====== GIVEN INFORMATION

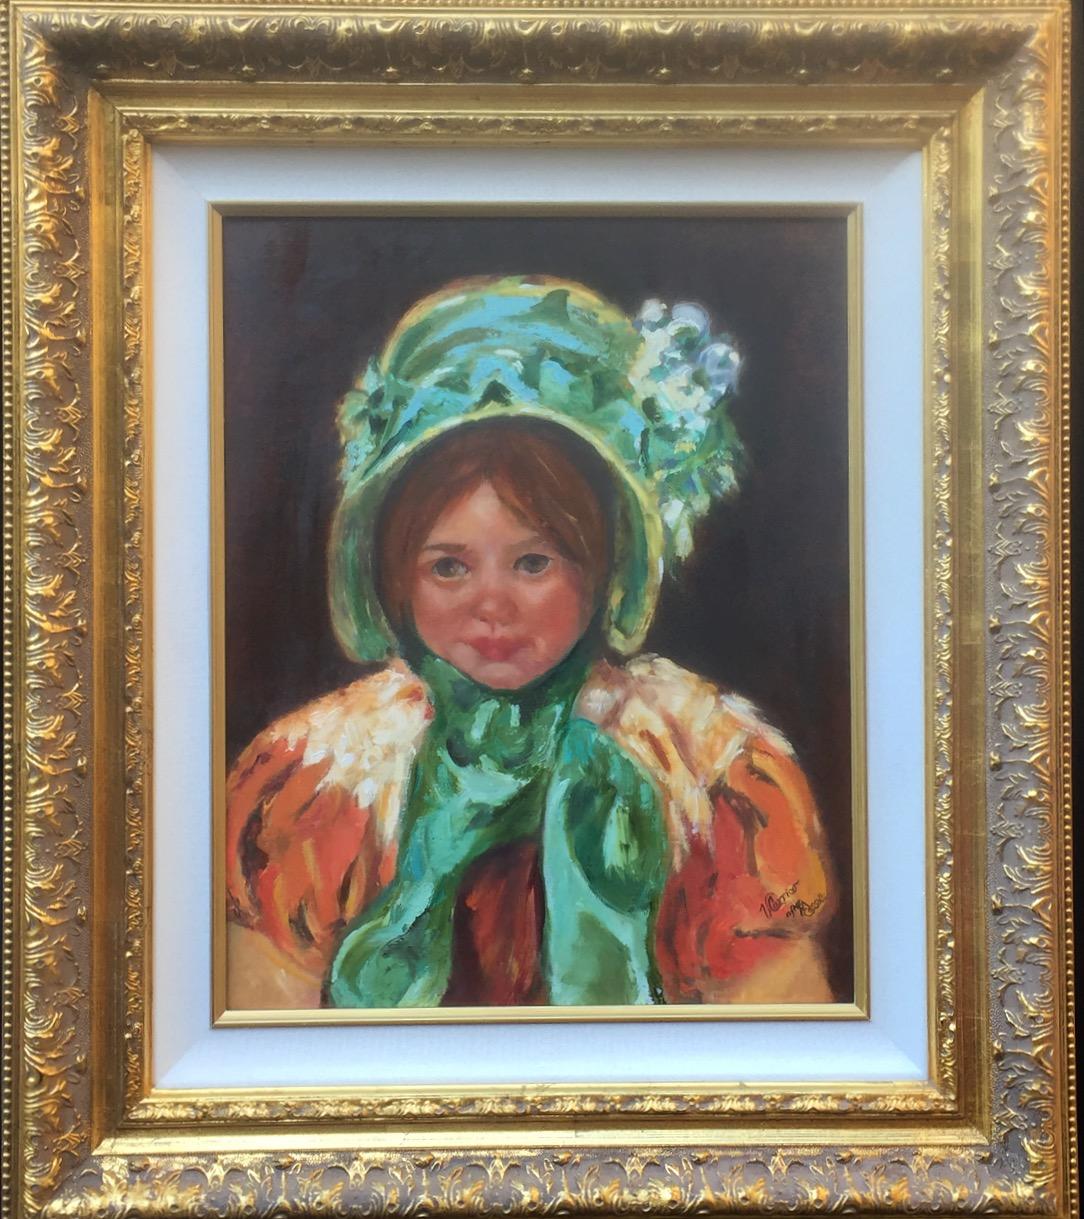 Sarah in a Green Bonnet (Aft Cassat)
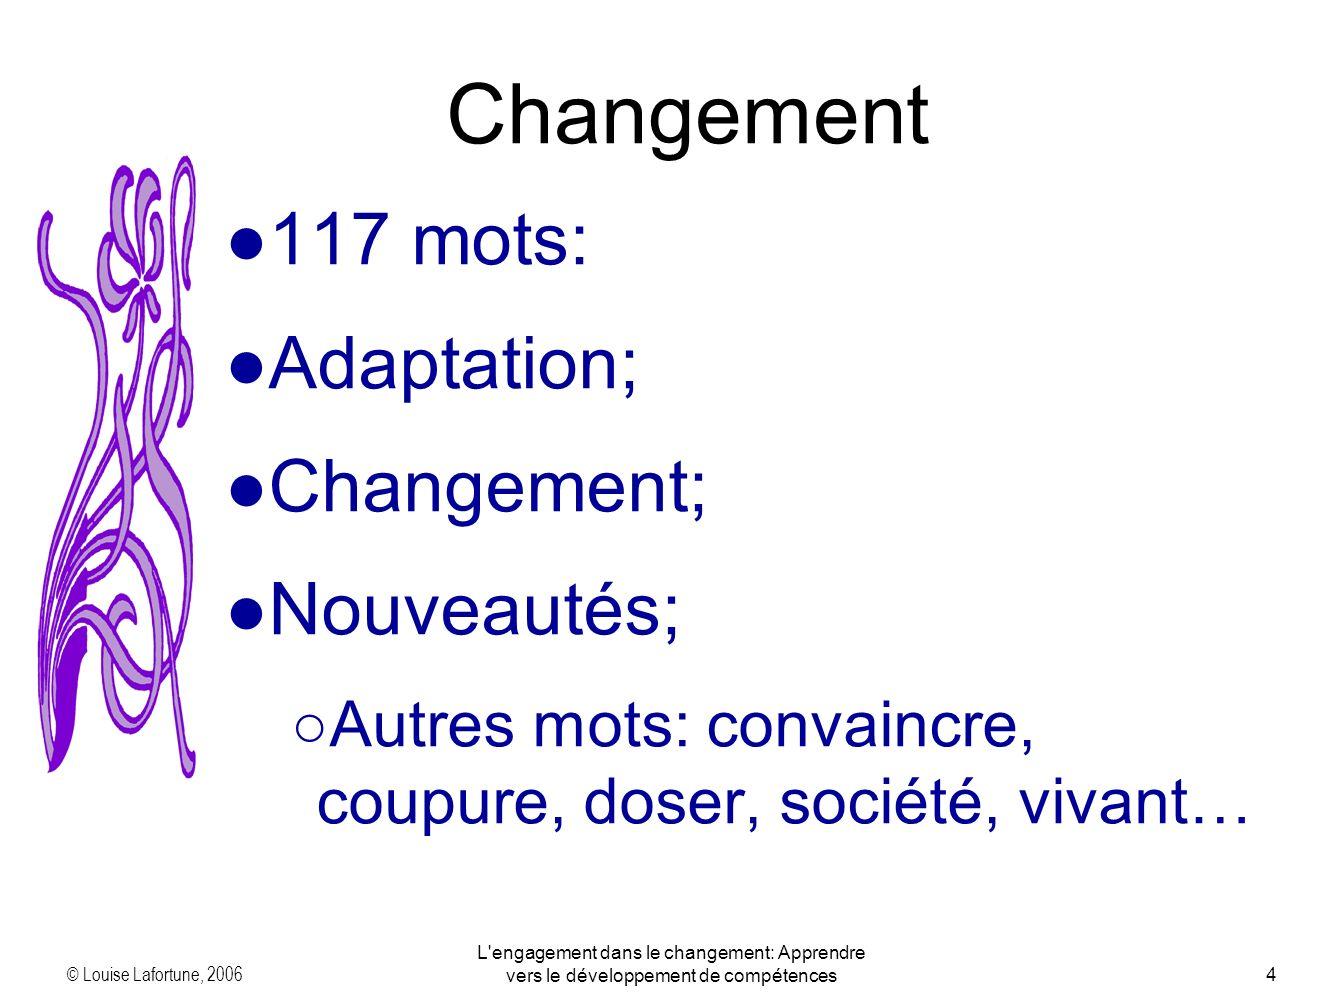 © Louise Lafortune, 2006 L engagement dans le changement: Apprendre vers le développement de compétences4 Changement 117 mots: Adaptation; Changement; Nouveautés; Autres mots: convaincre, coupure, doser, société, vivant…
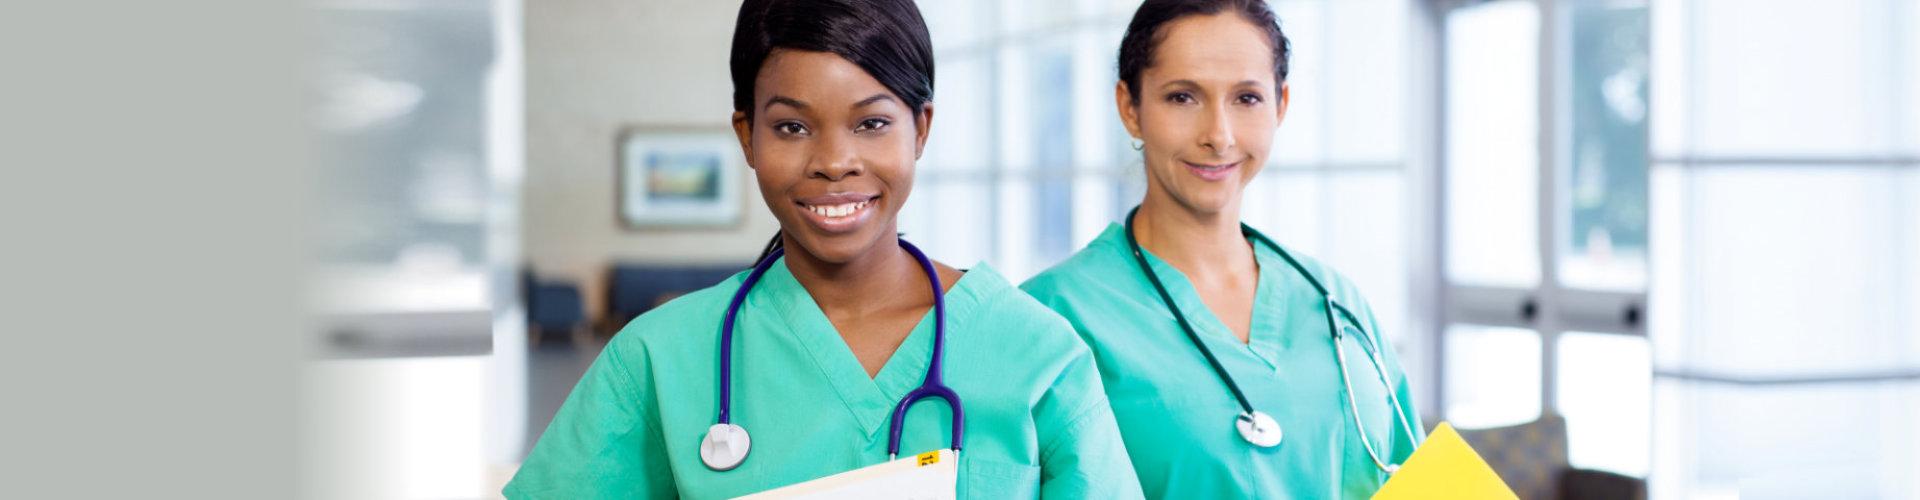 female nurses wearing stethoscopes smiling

============

Leave the images out as you retype each line of the material exactly.

 Sarah in a Green Bonnet (Aft Cassat)
 © Louise Lafortune, 2006 L engagement dans le changement: Apprendre vers le développement de compétences4 Changement 117 mots: Adaptation; Changement; Nouveautés; Autres mots: convaincre, coupure, doser, société, vivant…
 female nurses wearing stethoscopes smiling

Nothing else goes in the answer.